Um com quase uma hora e o
outro, com meia hora de duração,
os filmes fotografados por Walter
Carvalho e produzidos pela Vídeo
Filmes, captam com rara delicadeza pontos de vista pessoais de
situações específicas.
"Travessia do Tempo" escrutina a rotina de José Izabel da Silva,
condenado à pena máxima, de 30
anos, 27 dos quais já cumpridos.
Punido por uma série de delitos
que incluem assalto e assassinato,
o preso enfrenta meticulosamente a lenta passagem de cada dia no
célebre presídio do Carandiru.
Além do relato pessoal colhido e
editado com empatia, o filme
apresenta mulher, companheiros
detentos do preso mais antigo,
prestes a ser transferido, e de funcionários, um dos quais participa
do debate. Os depoimentos impressionam pela amargura e naturalidade no tratamento de temas violentos, mas também pela
revelação de que o cotidiano em
um lugar "não recomendável a
ninguém", palco de revoltas, admite rotina sistemática.

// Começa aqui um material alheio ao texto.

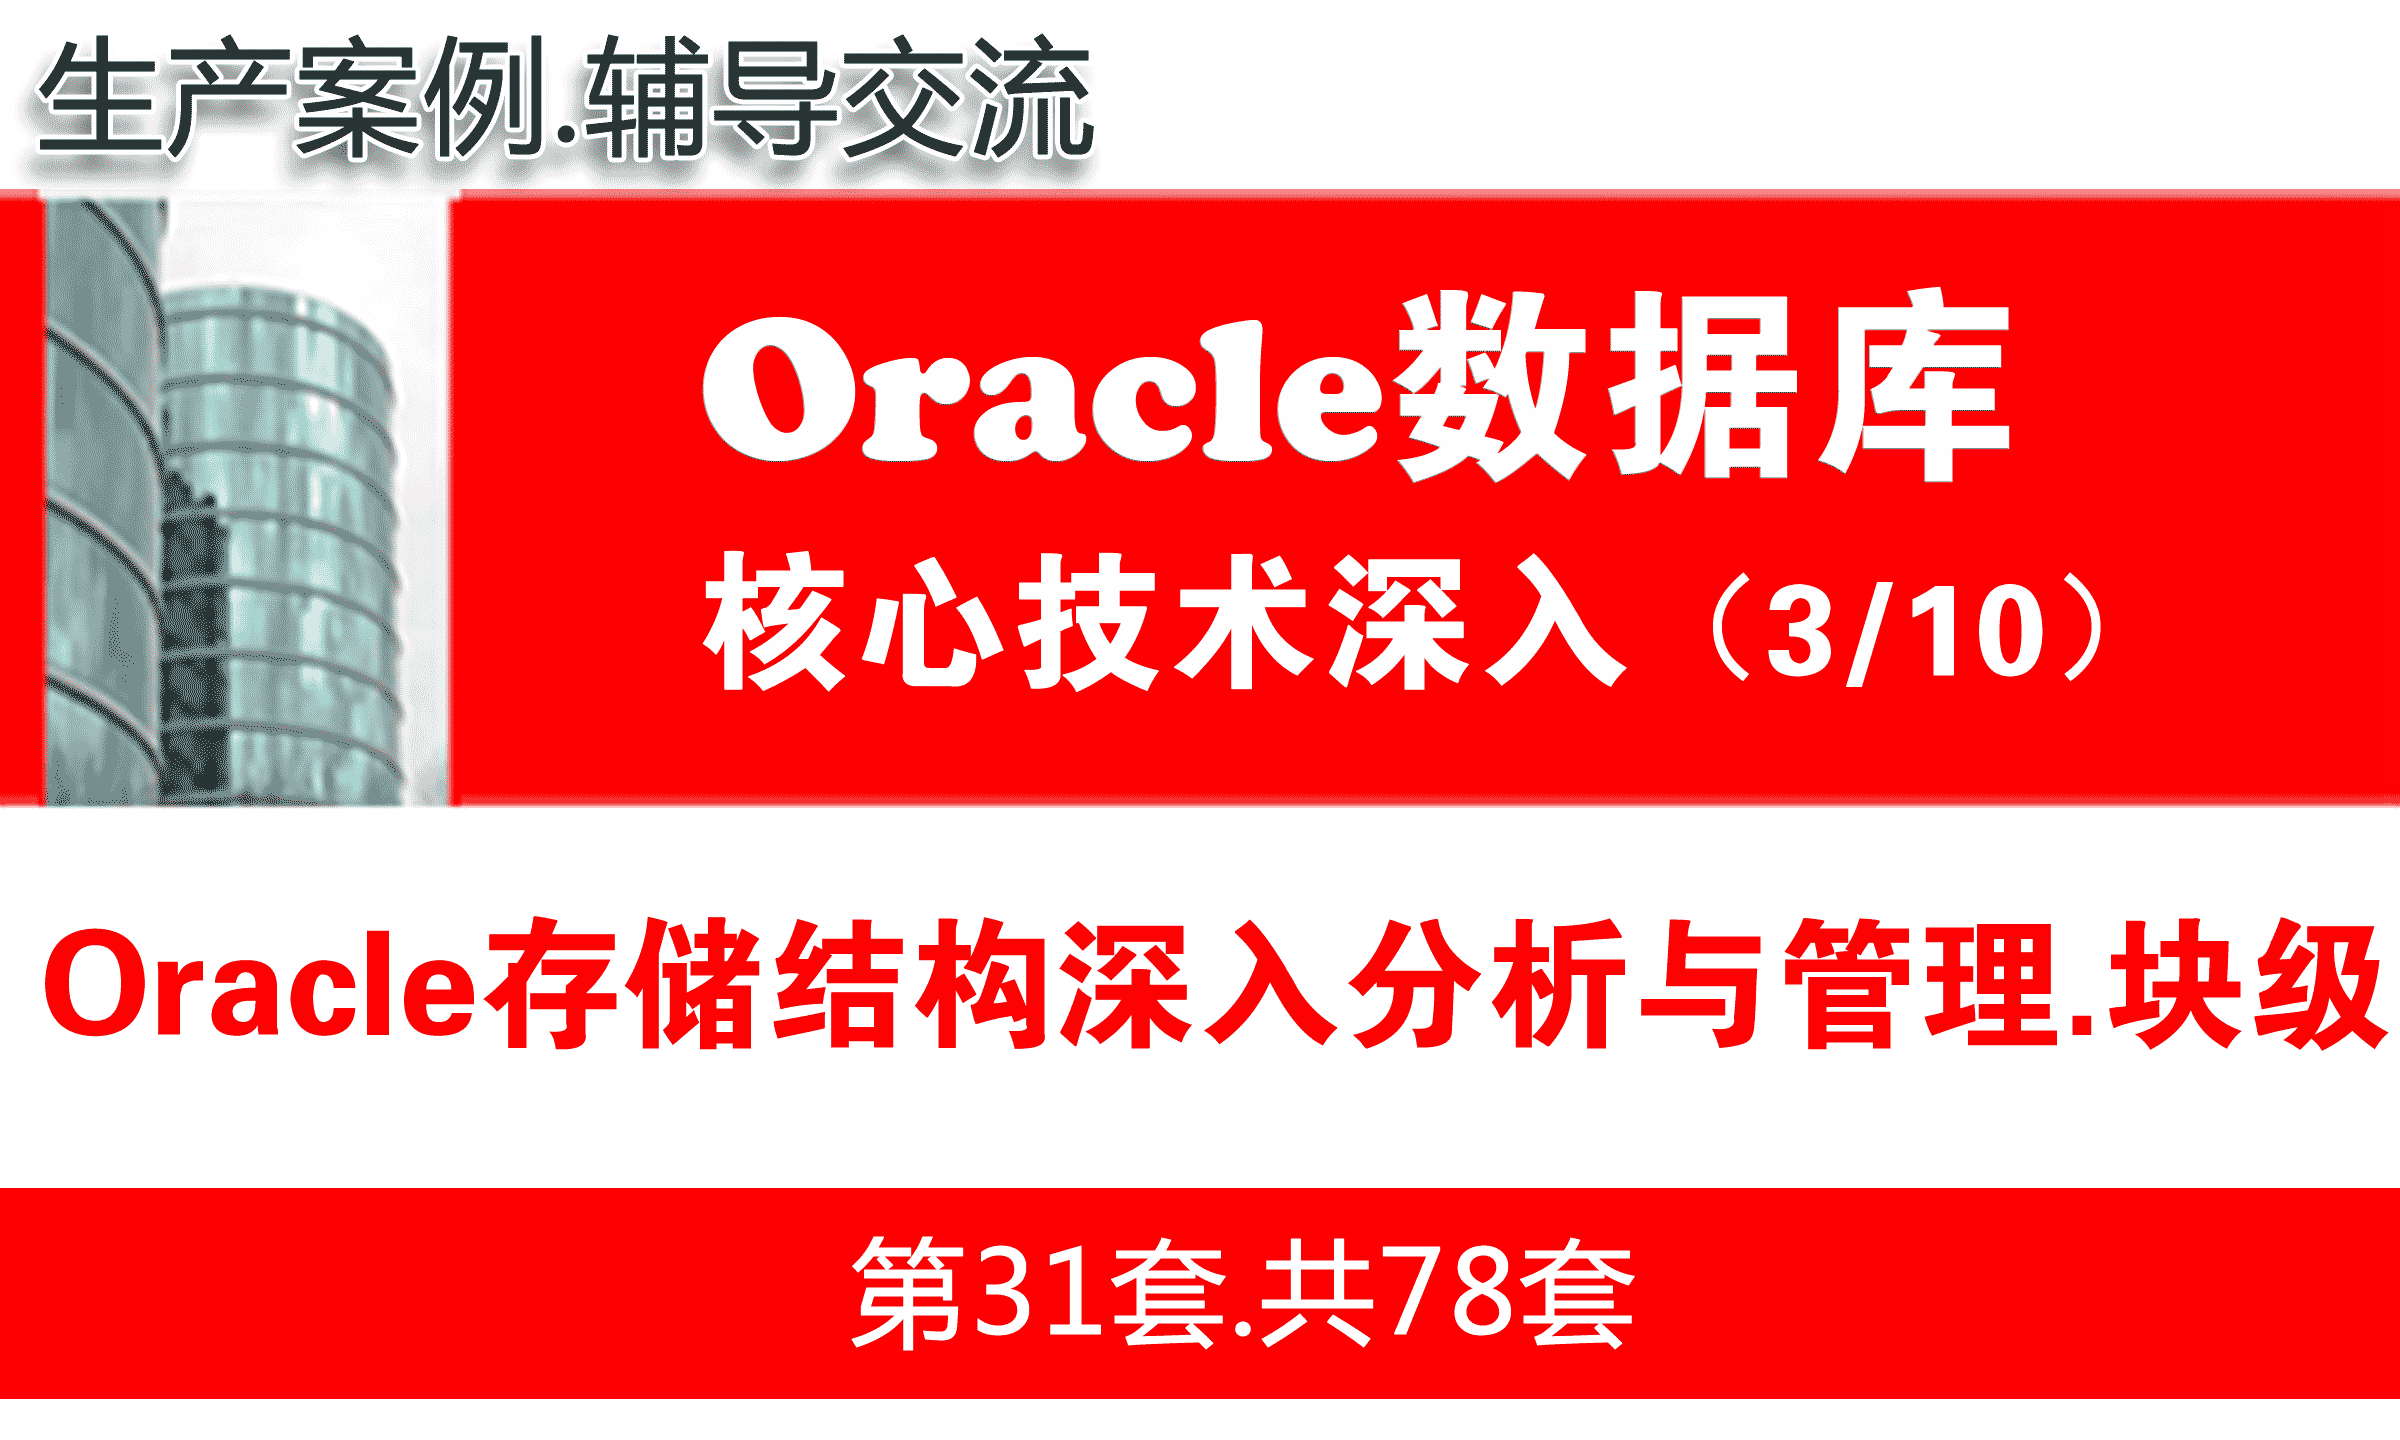 Oracle存储结构深入分析与管理_Oracle视频教程_基础深入与核心技术03
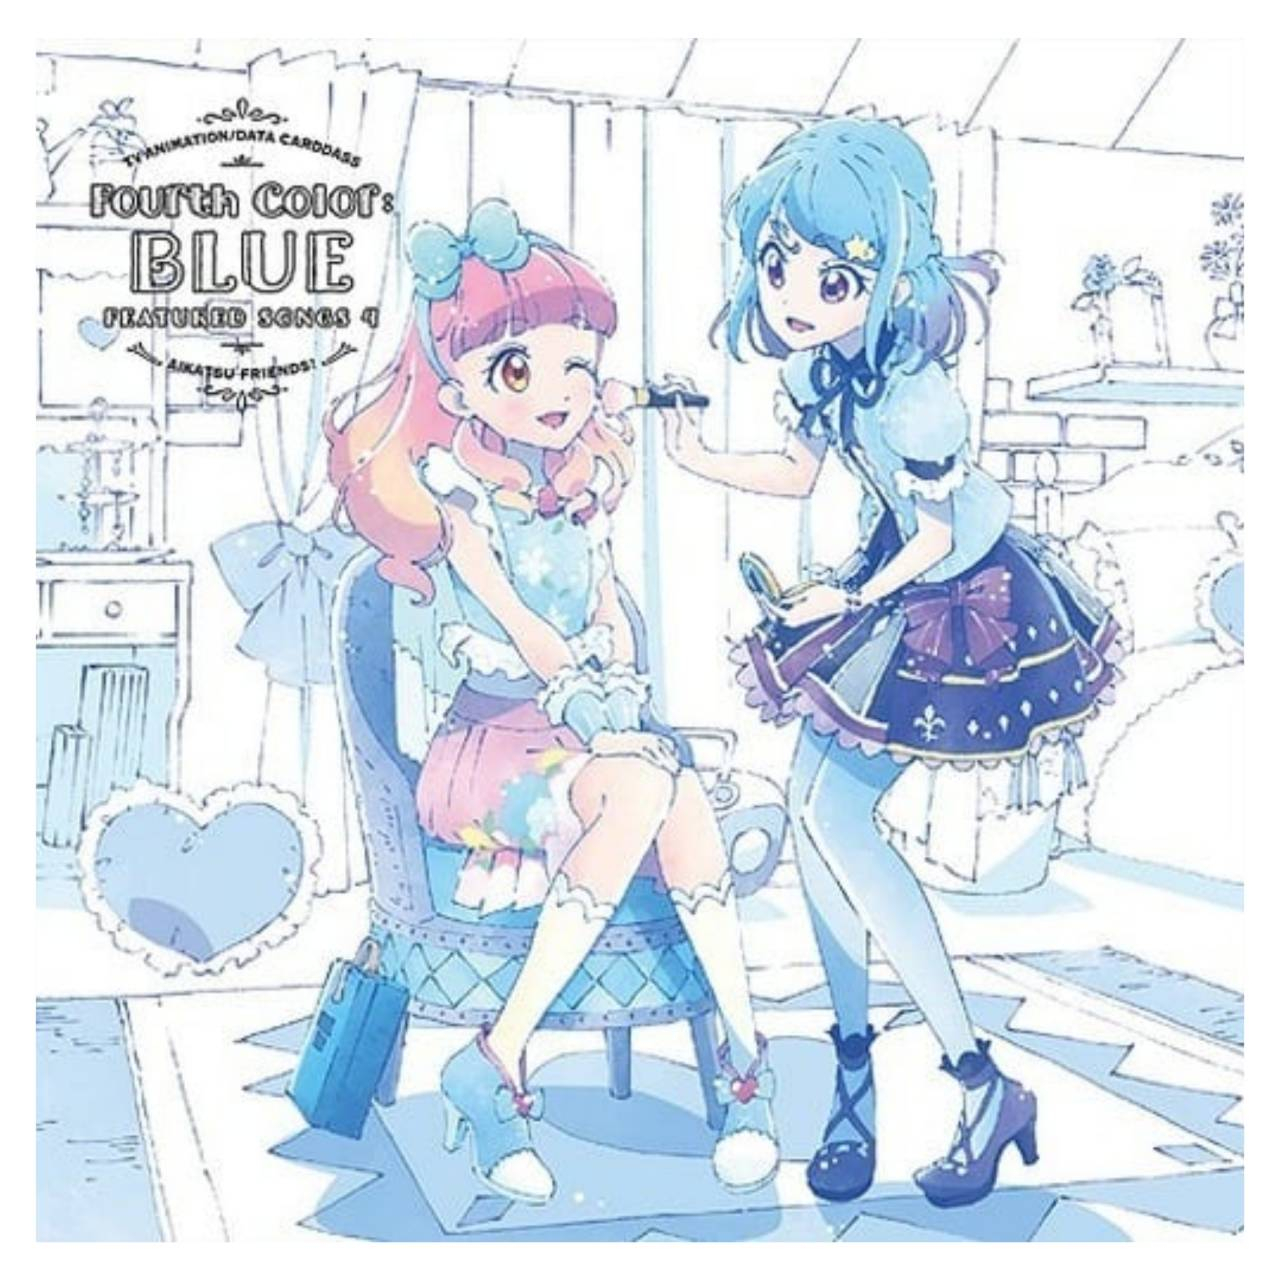 【代購】偶像學園 偶像活動 CD 專輯 Fourth Color：BLUE 愛音•美緒 aikatsu!

"Travessia do Escuro" narra a
experiência de alfabetização de
adultos em um curso oferecido
por ONG na zona leste. O filme revela com sensibilidade a perspectiva daqueles que vivem a "humilhação" de não saber ler, que justifica uma das mais terríveis discriminações, a da ignorância.
Em uma cidade onde quase tudo exige o domínio da linguagem
escrita, o decifrar de um letreiro
ou a leitura de uma legenda de TV
aparecem como conquistas libertadoras. Pessoas de idades variadas se emocionam ao compreender o código dominante. A abordagem jornalística-antropológica
dos documentários, já exibidos
pela TV Cultura, é sugestiva e merece continuidade.